При этих словах хозяин дома вздрогнул, глаза его сверкнули, но он тут же овладел собой и через мгновение с прежней учтивостью смотрел на гостя, который продолжал:
– Мой отец всегда говорил мне, что честь превыше доброго имени, ибо доброе имя есть твое отражение в глазах людей. Но честь есть отражение в твоем сердце. Не страшно лишиться доброго имени и уважения людей – страшно потерять честь, перед собой и перед Богом.
– Ваш отец всегда восхищал меня своей храбростью и своим благородством, – медленно и задумчиво произнес граф Воронцов.
– Вы знали моего отца?
– Знал, – глаза графа снова сверкнули, – когда-то он спас мне жизнь.
Ричарду показалось странным, что отец никогда не рассказывал ему о своем знакомстве со столь благородным джентльменом, каким был Владимир Дмитриевич, однако, хоть граф и вел себя крайне любезно, молодой человек не мог не заметить, что тема герцога Глостера неприятна хозяину дома.
Глава 2
Два князя
Дома новы, но предрассудки стары.
А.С. ГрибоедовПоследний день лета утонул за стенами Петропавловской крепости, и в Петербурге наступила ветреная осень.
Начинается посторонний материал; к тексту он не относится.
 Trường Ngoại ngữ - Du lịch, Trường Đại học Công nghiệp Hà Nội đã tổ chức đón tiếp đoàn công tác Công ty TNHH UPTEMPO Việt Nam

Редкие пожелтевшие листья опадали с лип Конногвардейского бульвара, по которому медленной походкой прогуливались два молодых человека.
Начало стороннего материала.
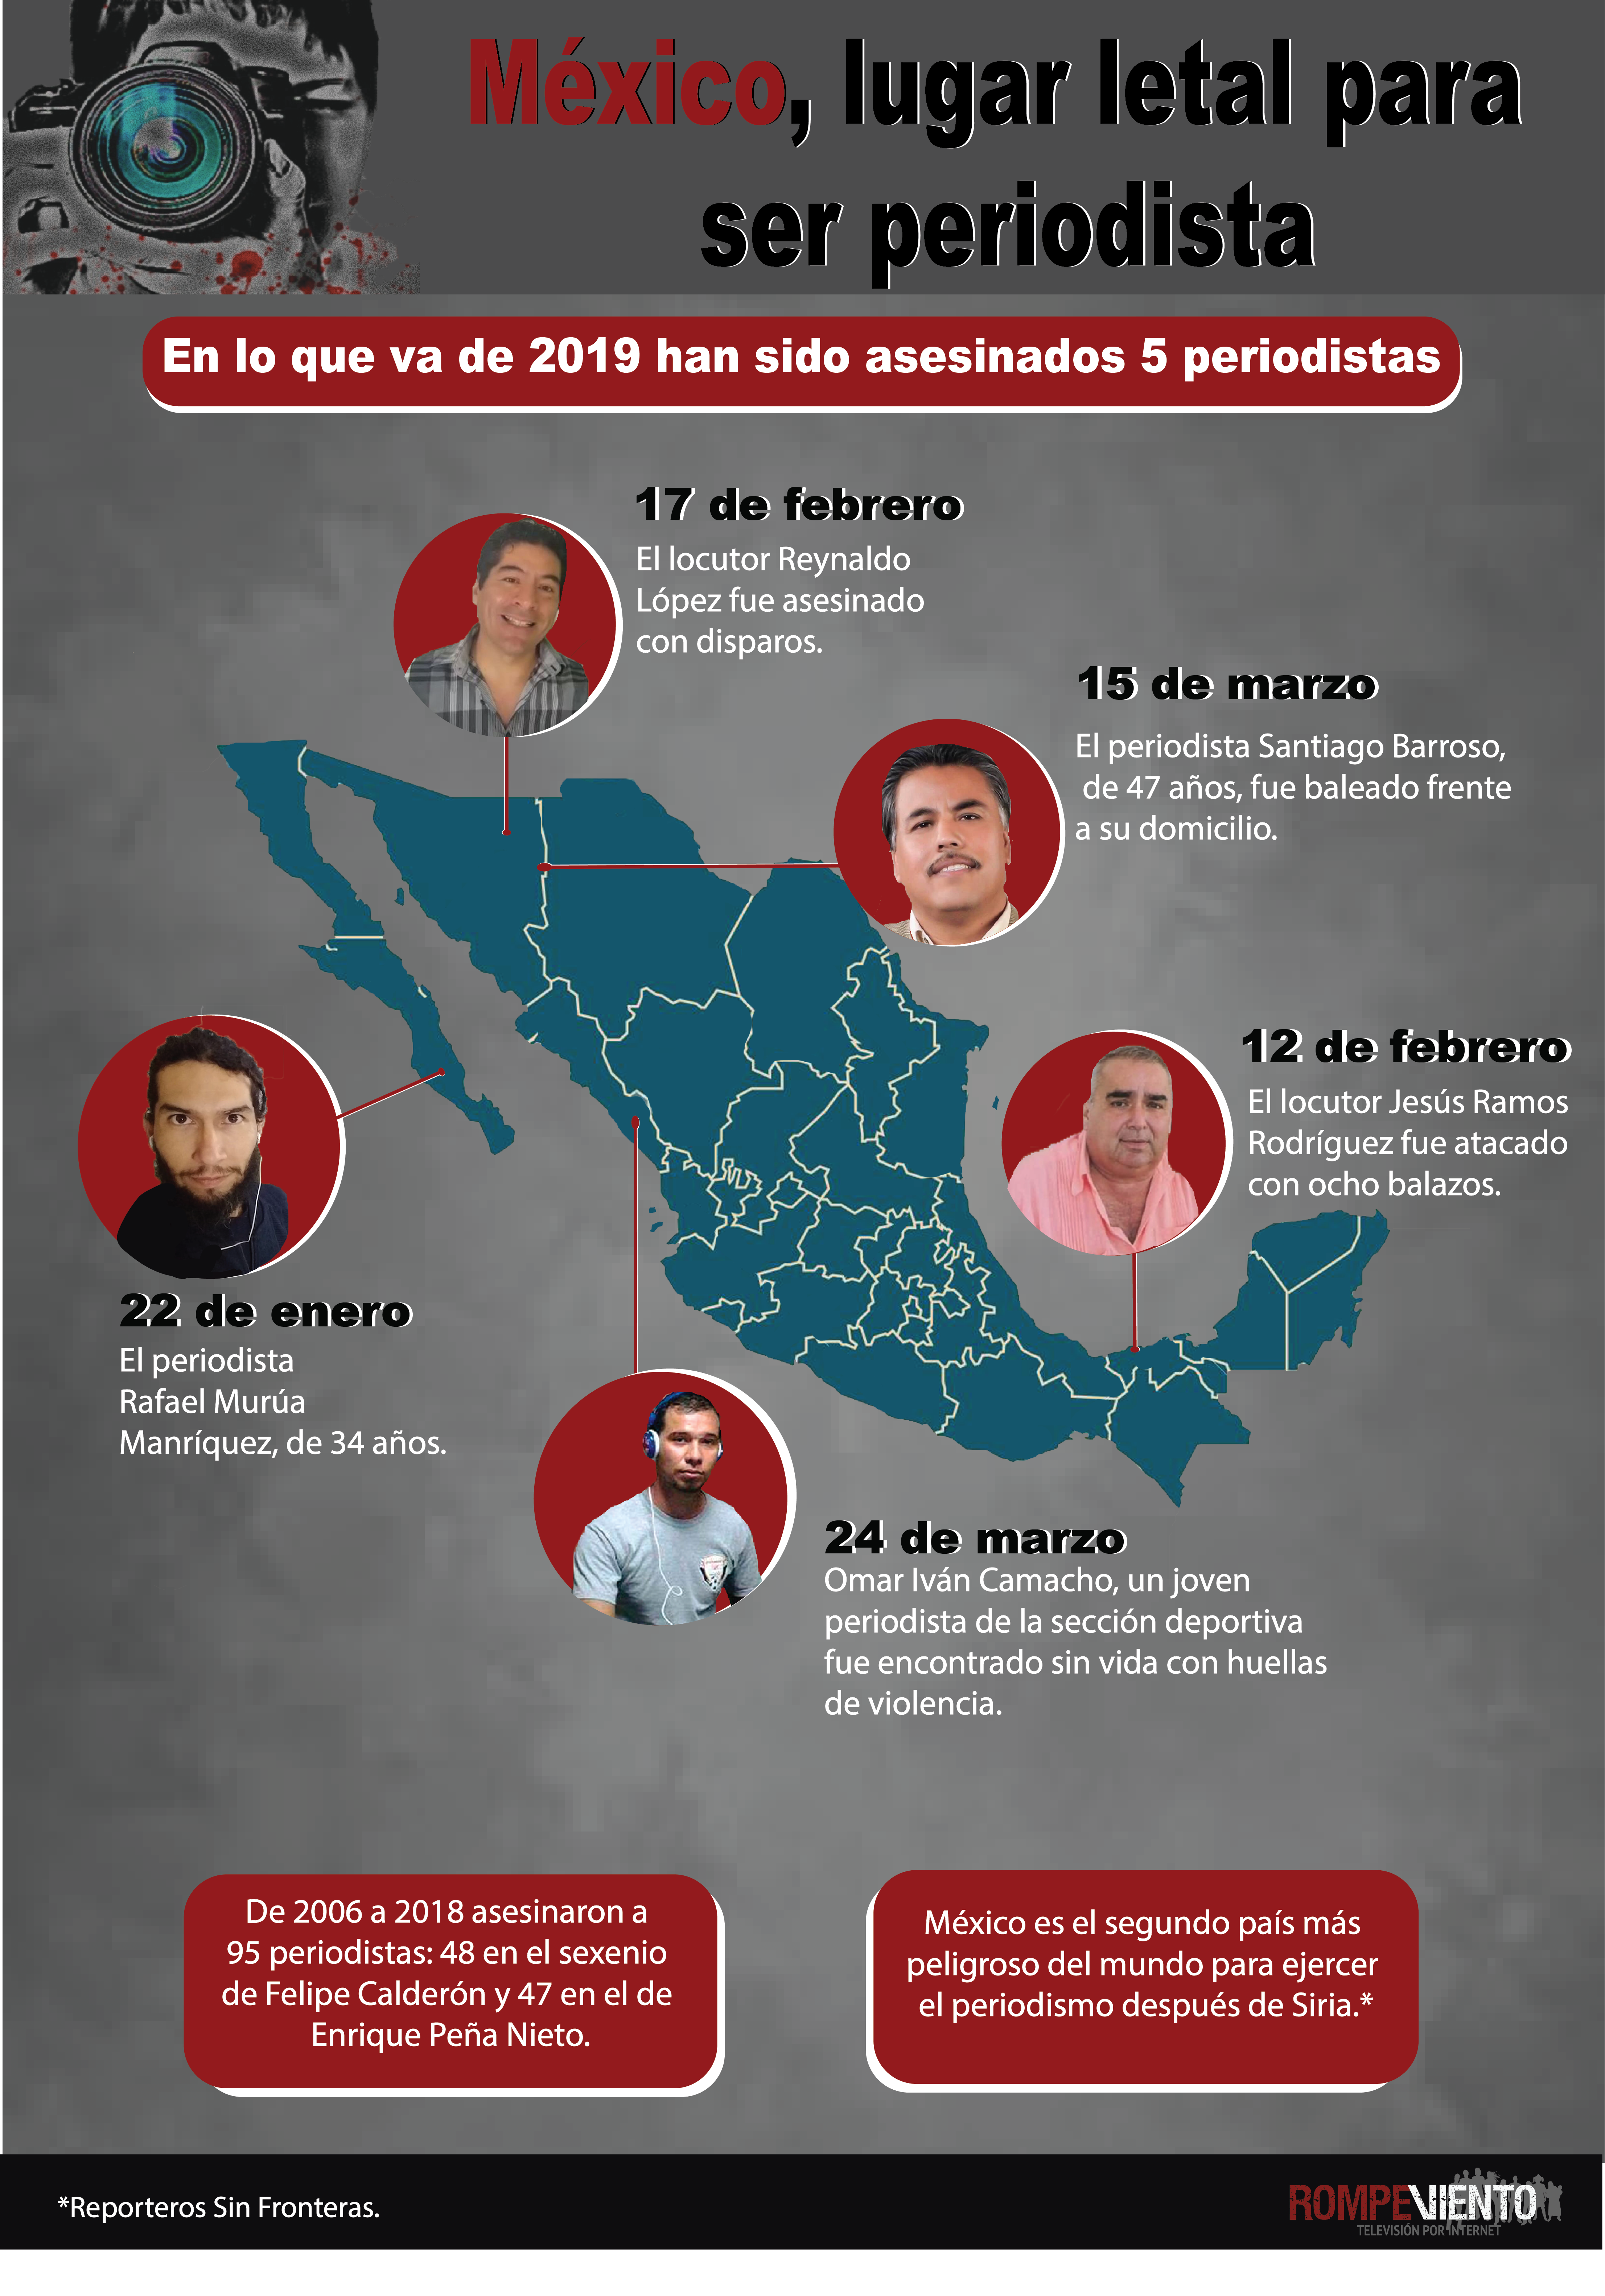 México, lugar letal para ser periodista

Один был очень высок и худощав. Красивое лицо его было слегка опоганено оспой, а черные как смоль волосы, крючковатый нос и глубоко посаженные глаза придавали ему поразительное сходство с коршуном. Ему было двадцать семь лет, и он в звании губернского секретаря занимал должность в каком-то ведомстве. Звали его Герман Модестович Шульц. Разумеется, никаким немцем он не был, хотя и пытался убедить всех в обратном.
Собеседник Германа ростом был выше среднего, но весьма худой. Его впалые щеки были обрамлены бакенбардами, а кудрявые волосы он коротко постригал – дабы не быть уличенным во вьющихся волосах. Толстая нижняя губа и широкие надбровные дуги чертовски не соответствовали тонким чертам лица этого молодого человека, а легкая сутулость придавала ему скорее вид обезьяны, нежели дворянина. Все это крайне раздражало молодое горячее сердце, и его обладатель нижнюю широкую губу поджимал, брови хмурил и стремился ходить выпрямившись, словно оловянный солдатик, что придавало ему вид комичный и крайне нелепый. Он это понимал, страшно сердился на самого себя и дошел до того, что стал обладателем самого скверного нрава в Санкт-Петербурге. Это было давно всем известно, и все давно с этим смирились.
Человеком он был по природе незлобливым, стремился улыбаться подчиненным и не дерзил начальству более чем восемь раз на дню – за редкими исключениями. Двадцати пяти лет от роду, он был коллежским асессором в Министерстве иностранных дел.
А звали этого человека Петр Андреевич Суздальский. Его отец, князь Суздальский Андрей Петрович, кавалер ордена Святого Андрея Первозванного и многих других, в отставке министр иностранных дел, был известным на всю Россию брюзгой и самодуром. Своим продвижением по службе князь Петр Андреевич был обязан протекции отца, о чем прекрасно знал и нередко приходил по этому поводу в скверное расположение духа. Андрей Петрович Суздальский слыл заправским скрягой, денег сыну никогда не давал, держал его вдали от слуг, и Петр Андреевич был единственным князем в Петербурге, который ходил пешком и сам чистил свои сапоги. Последнее он, кстати, категорически не любил, а посему вид часто имел неопрятный.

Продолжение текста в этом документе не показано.